Amazon fine foods review dataset is available on kaggle. (https://www.kaggle.com/snap/amazon-fine-food-reviews)

In this ipython notebook,I have performed the following steps:
    1. Loading data and assigning polarity
    2. Data cleaning by removing duplicate enteries and invalid information 
    3. Sort the data and sample it.
    4. Data Preprocessing:
        a.removing stop words
        b.removing punctuations and html tags if any
        c.stemming
        d.convert all words to lower case
    5.Split data into train and test. 
    6.Vectorize reviews using Bag of Words.Save this data.
   

1.Load data and assign polarity to reviews

In [1]:
%matplotlib inline

import sqlite3
import pandas as pd
import numpy as np
import warnings
warnings.filterwarnings("ignore")

# using the SQLite Table to read data.
con = sqlite3.connect(r'C:\Users\Admin\Downloads\database.sqlite')
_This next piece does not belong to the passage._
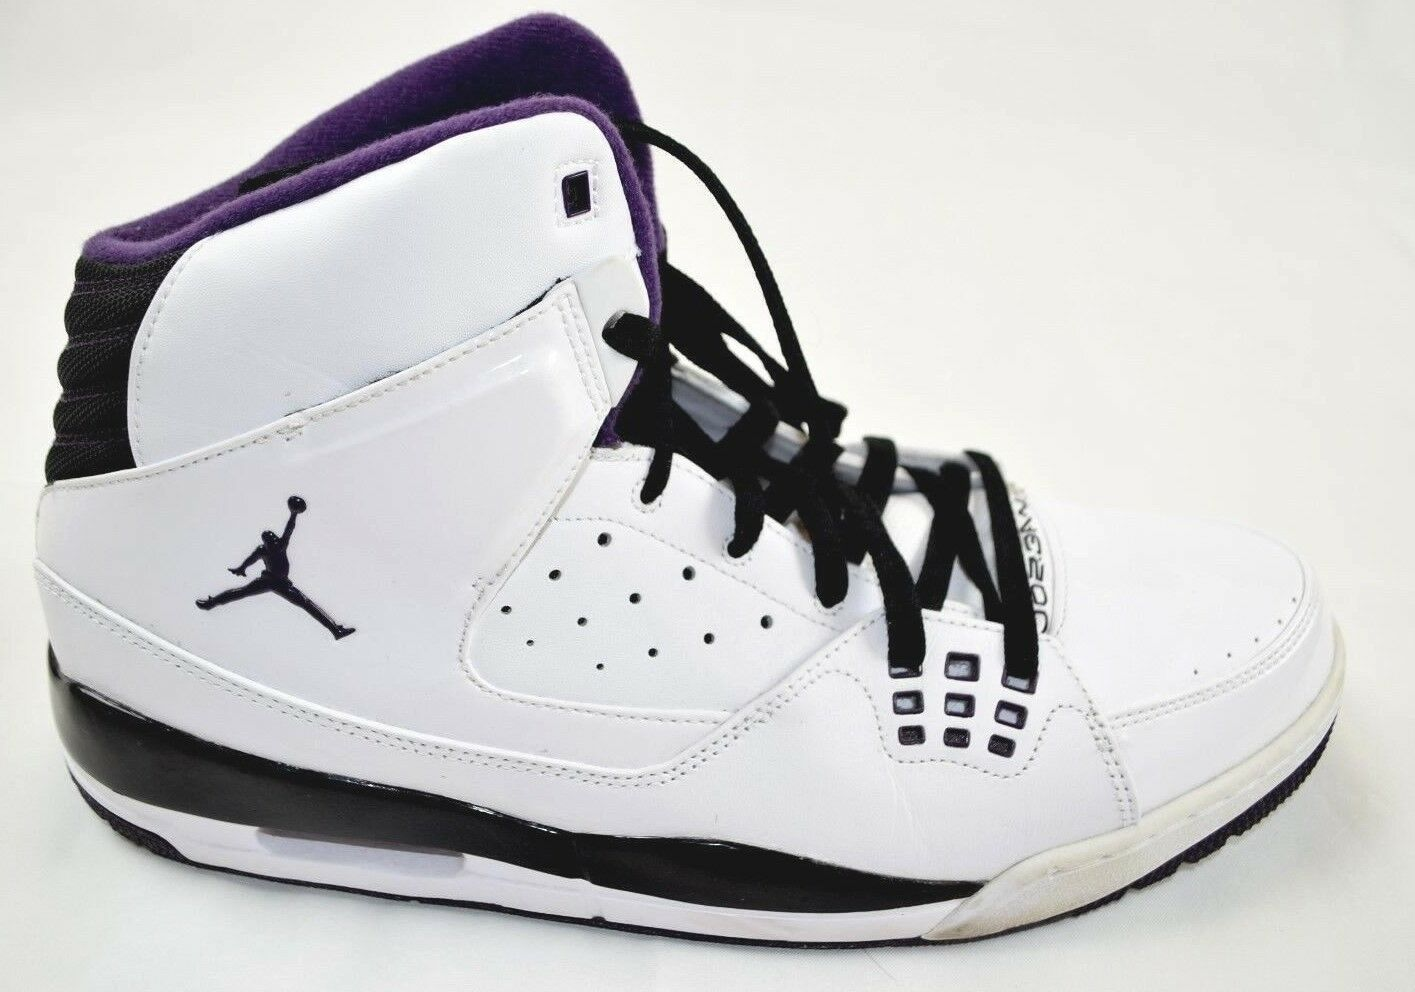 new product de486 4c47a Nike Air Jordan SC-1 Mens Basketball Shoes 538698-108 538698-108 538698-108  White US size 14 excellent a88c44

#Reading reviews that can be classified as positive or negative
review_data = pd.read_sql_query("""
SELECT *
FROM Reviews
WHERE Score != 3""", con) 


# Give reviews with Score>3 a positive rating, and reviews with a score<3 a negative rating.
def partition(x):
    if x < 3:
        return 0
    return 1

#changing reviews with score greater than 3 to be positive and vice-versa
review_data['Score'] = review_data['Score'].map(partition)

2.Data Cleaning

In [2]:
review_data =  review_data.drop_duplicates(subset={'UserId','ProfileName','Time','Text'},keep='first')

In [3]:
cleaned_data = review_data[review_data.HelpfulnessNumerator <= review_data.HelpfulnessDenominator]

3.Data sampling

In [4]:
cleaned_data.sort_values('Time',inplace=True,ascending=False) 
#sampled_data = cleaned_data.sample(frac=0.275,random_state=1), time series split function can also be used.
sampled_data=cleaned_data[0:100000]

4.Data preprocessing

In [5]:
import re
import string
import nltk
#nltk.download('stopwords')
from nltk.corpus import stopwords
from nltk.stem import PorterStemmer
from nltk.stem.wordnet import WordNetLemmatizer

stop = set(stopwords.words('english')) #set of stopwords
sno = nltk.stem.SnowballStemmer('english') #initialising the snowball stemmer

def cleanhtml(sentence): #function to clean the word of any html-tags
    cleanr = re.compile('<.*?>')
    cleantext = re.sub(cleanr, ' ', sentence)
    return cleantext
def cleanpunc(sentence): #function to clean the word of any punctuation or special characters
    cleaned = re.sub(r'[?|!|\'|"|#]',r'',sentence)
    cleaned = re.sub(r'[.|,|)|(|\|/]',r' ',cleaned)
    return  cleaned

In [6]:
 i=0
str1=' '
final_string=[]
s=''
for sent in sampled_data['Text'].values:
    filtered_sentence=[]
    sent=cleanhtml(sent) # remove HTMl tags
    for w in sent.split():
        for cleaned_words in cleanpunc(w).split():
            if((cleaned_words.isalpha()) & (len(cleaned_words)>2)):    
                if(cleaned_words.lower() not in stop):
                    s=(sno.stem(cleaned_words.lower())).encode('utf8')
                    filtered_sentence.append(s)
                else:
                    continue
            else:
                continue 

    str1 = b" ".join(filtered_sentence) #final string of cleaned words 
    final_string.append(str1)

In [7]:
sampled_data['CleanedText']=final_string

5.Split data into train and test

In [8]:
#We use 70% of data for training and 30% of data for test
import math
sampled_data.sort_values('Time',inplace=True,ascending=True) 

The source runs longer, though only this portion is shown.